[HOW TO COMPLETE THIS TASK]: With pictures removed, the data below should be returned exactly.

[MATERIAL PROVIDED]:
[Start of Attachment]
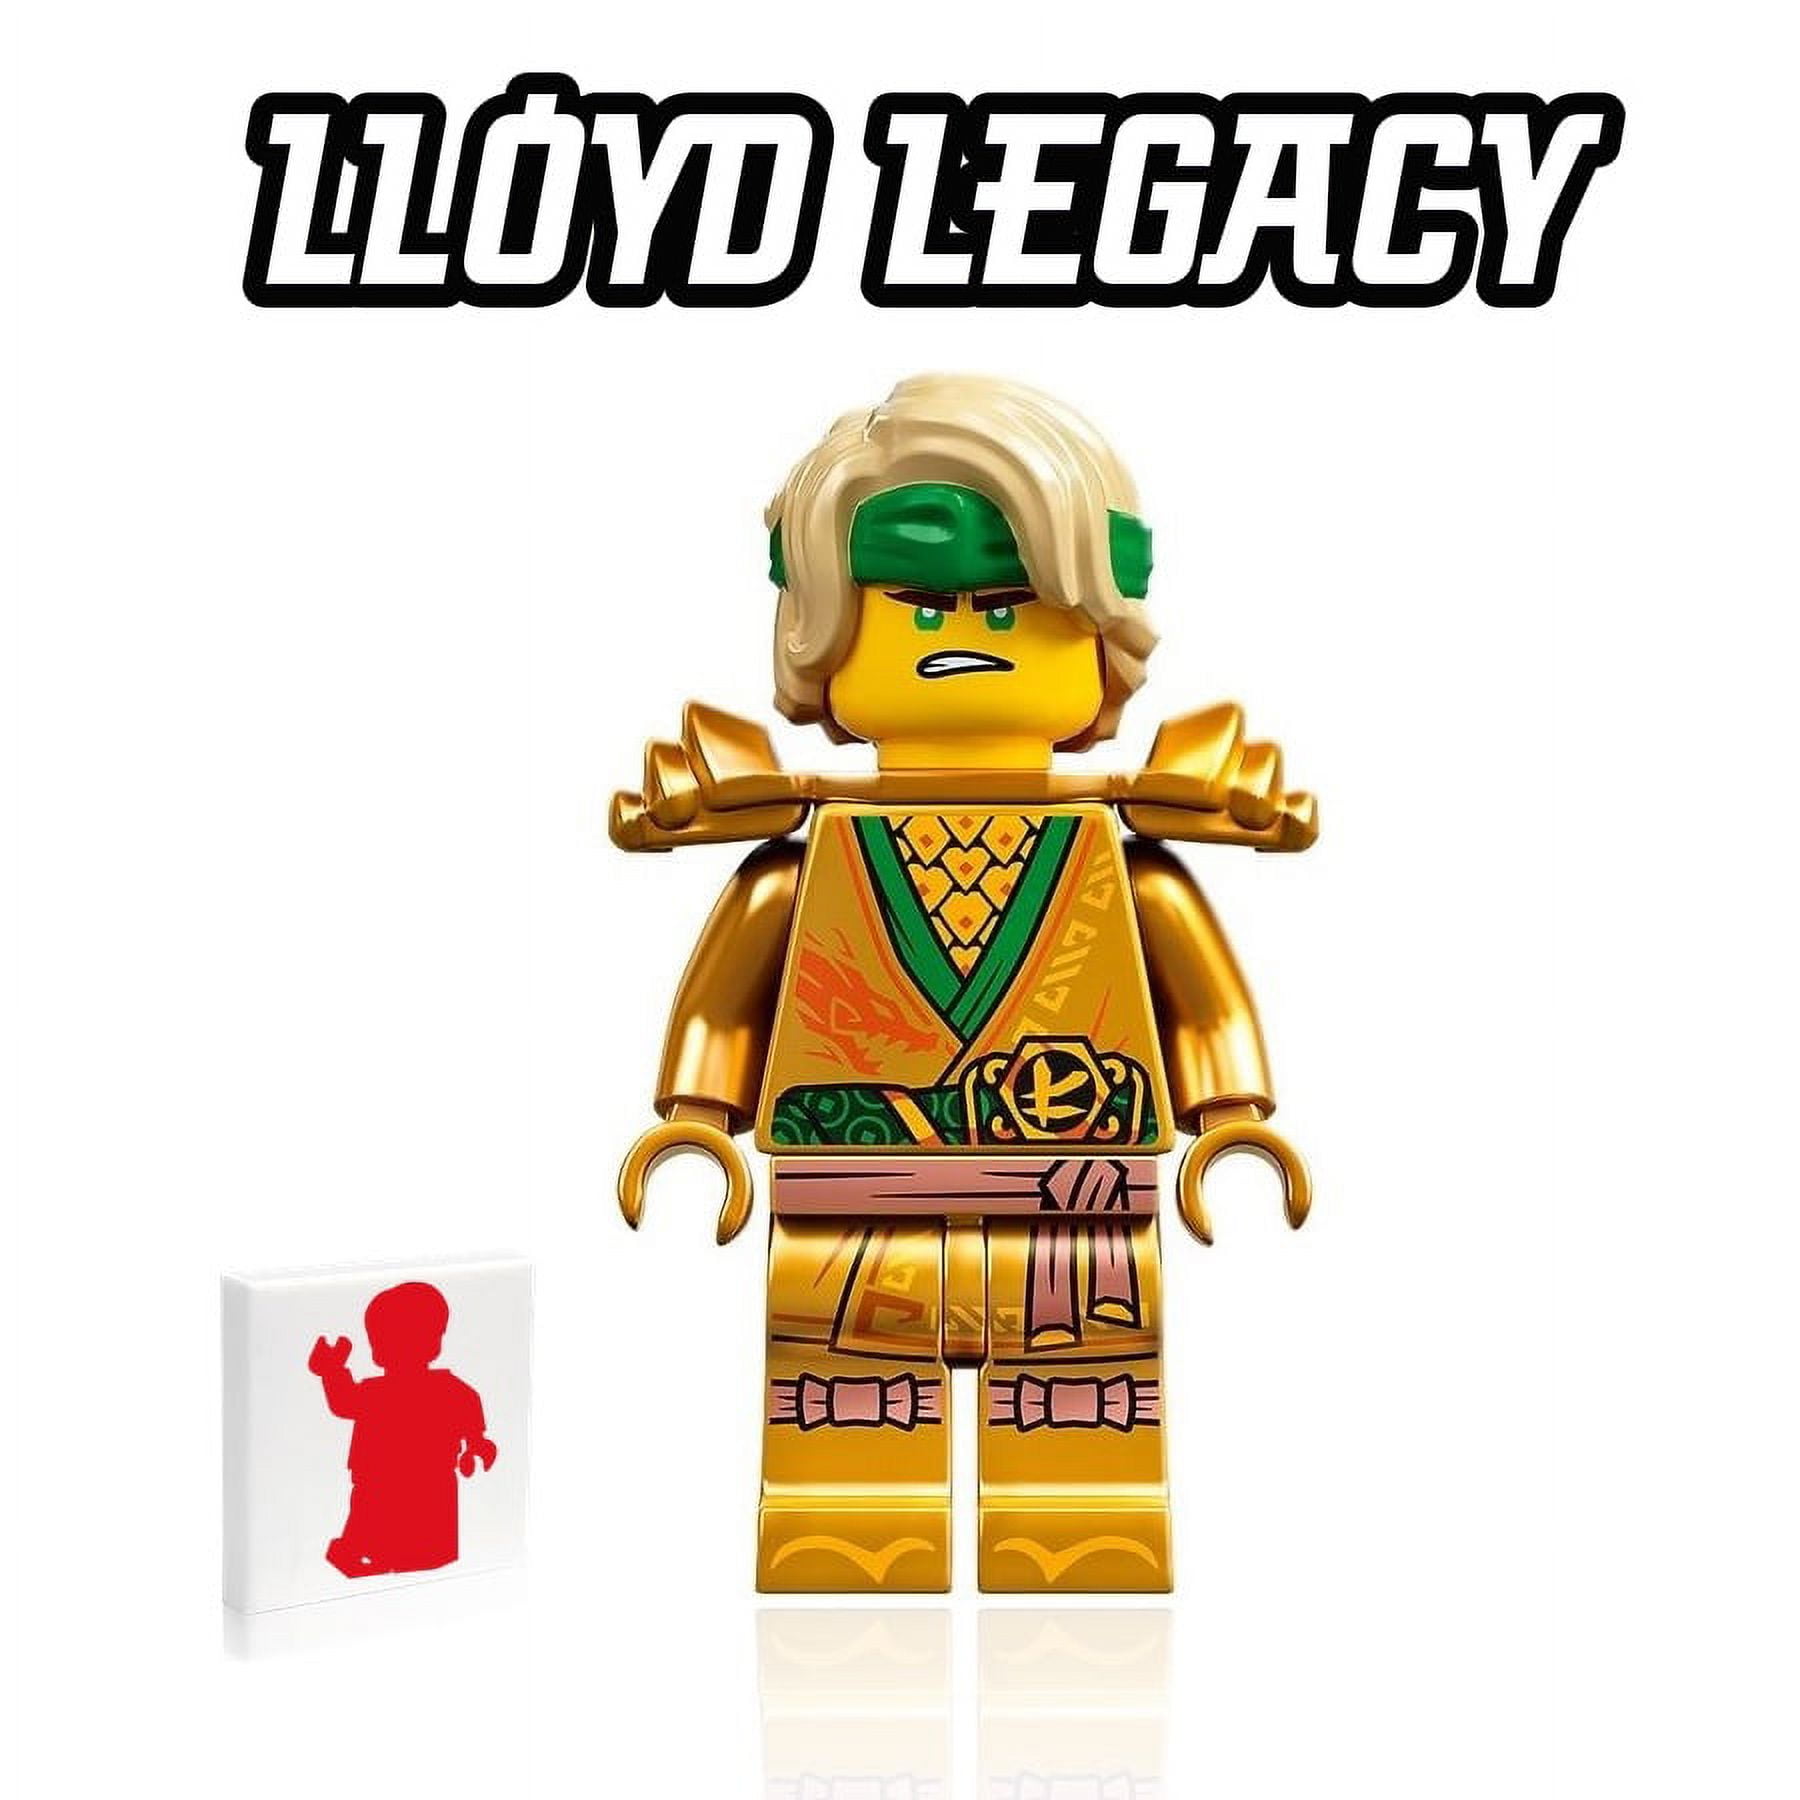 LEGO Ninjago Legacy Minifigure - ninja Lloyd with sword - Extra
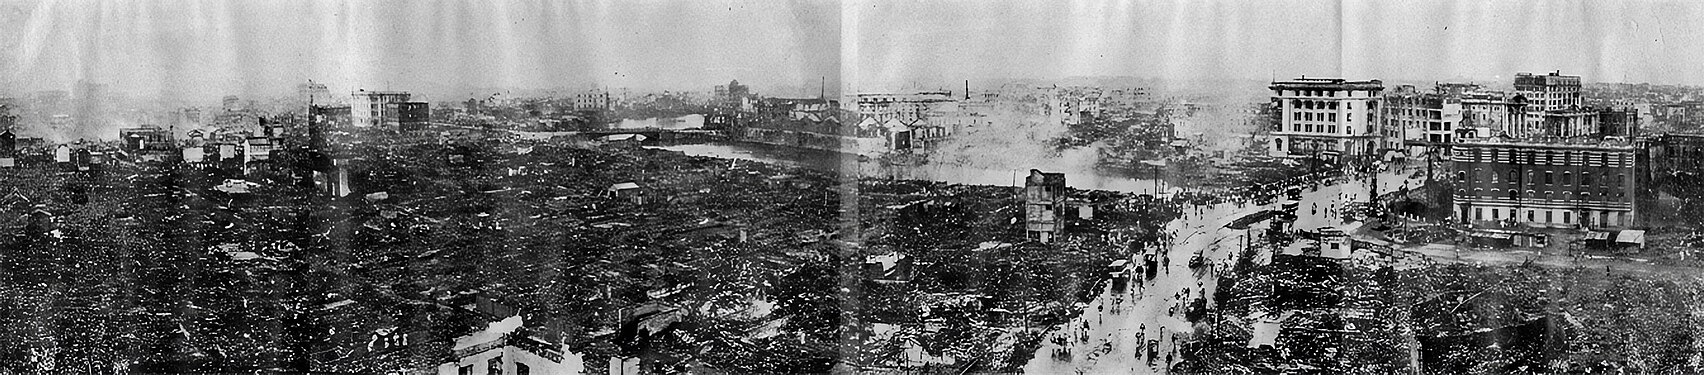 Ødelæggelsen af Nihonbashi og Kanda set fra taget af Dai-ichi Sogo Building i Kyobashi
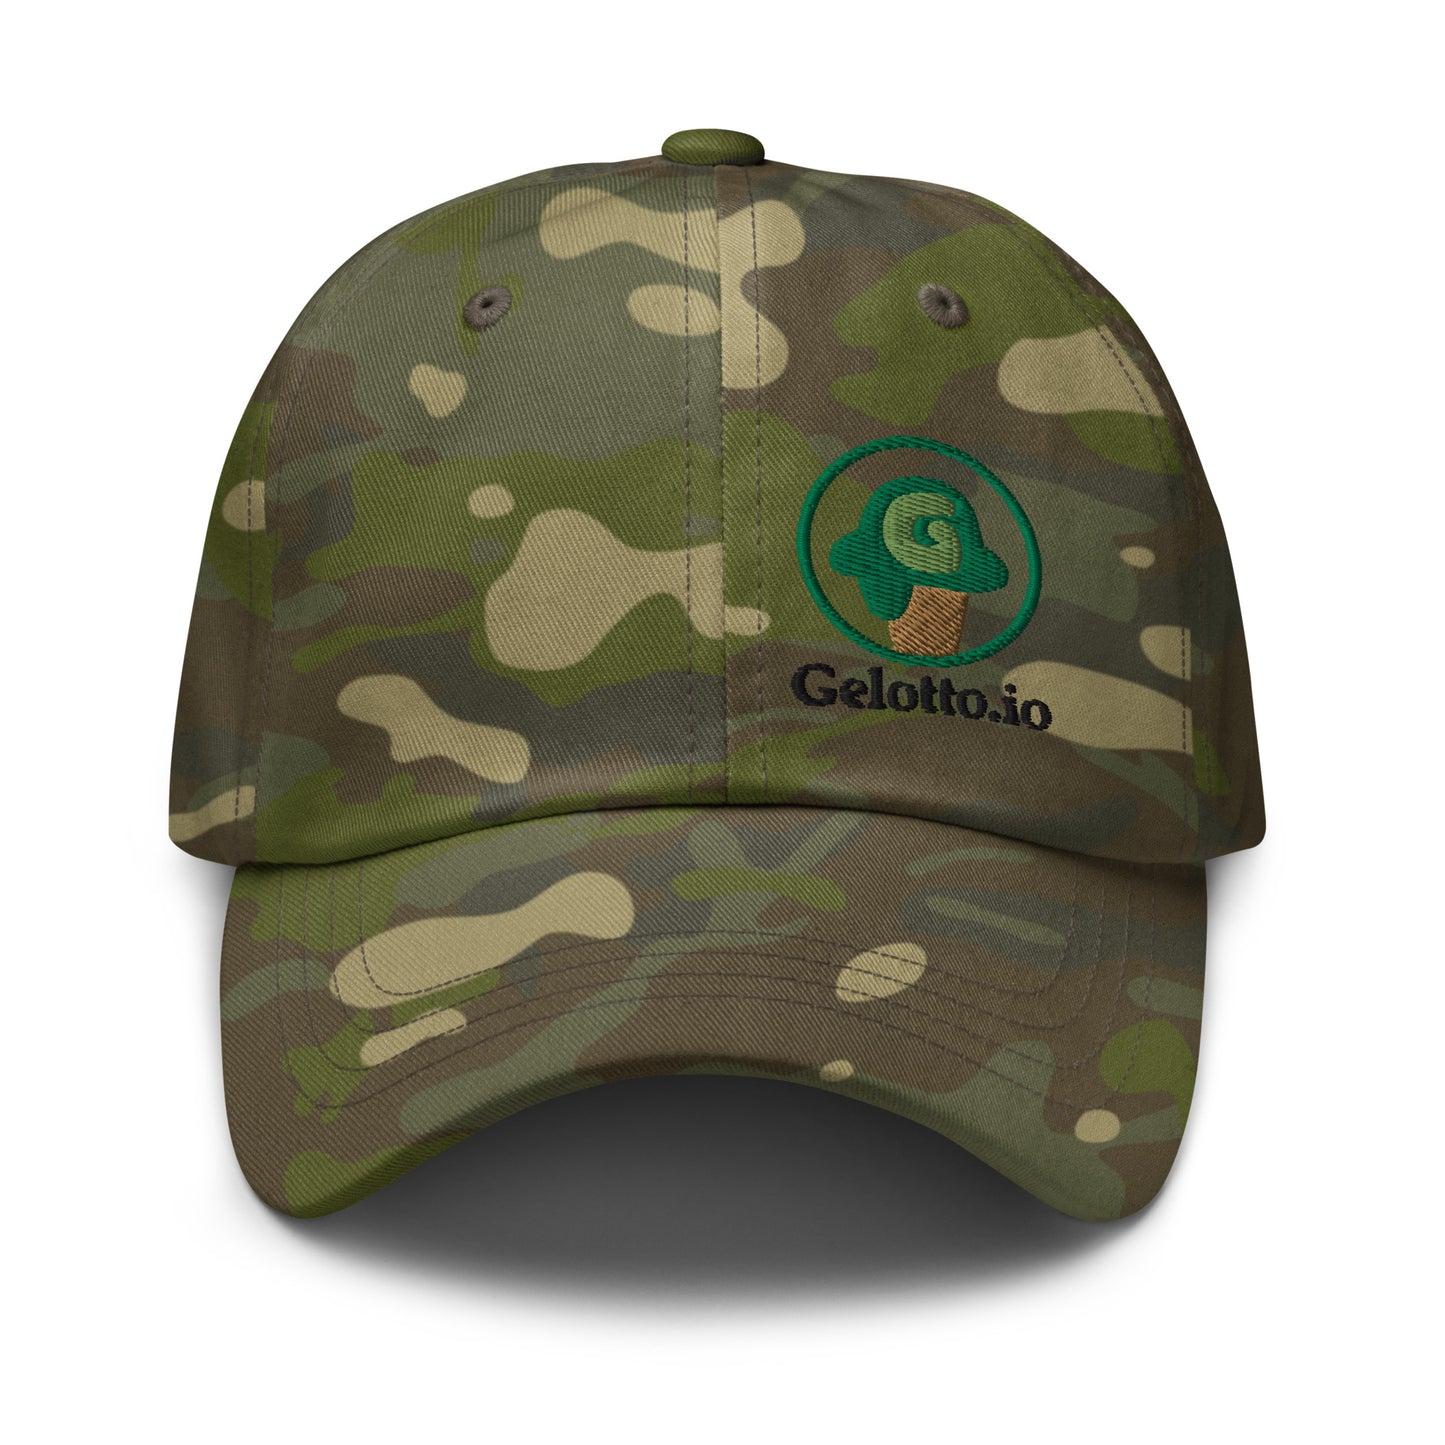 Gelotto logo Multicam Dad hat (green and black logo)
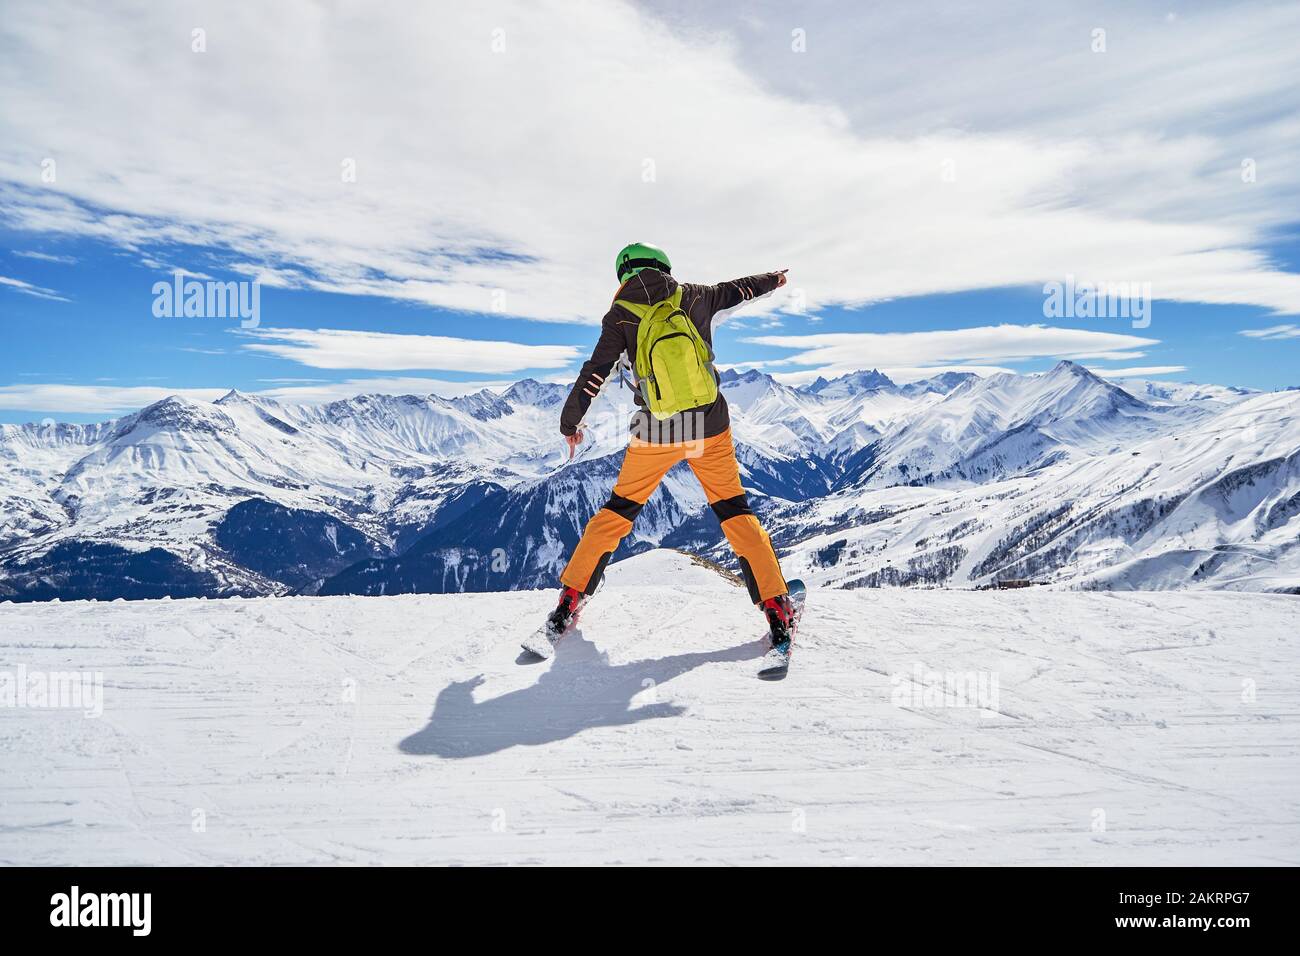 Lo sciatore entusiasta indossa abiti colorati e uno zaino verde, che si posa su una pista da sci nella località sciistica di Les Sybelles, con le vette delle Alpi francesi sul retro Foto Stock
[End of Attachment]
[SOLUTION TO THIS PROBLEM]:
 LEGO Ninjago Legacy Minifigure - ninja Lloyd with sword - Extra
 Ødelæggelsen af Nihonbashi og Kanda set fra taget af Dai-ichi Sogo Building i Kyobashi
 Gelotto logo Multicam Dad hat (green and black logo)
 Lo sciatore entusiasta indossa abiti colorati e uno zaino verde, che si posa su una pista da sci nella località sciistica di Les Sybelles, con le vette delle Alpi francesi sul retro Foto Stock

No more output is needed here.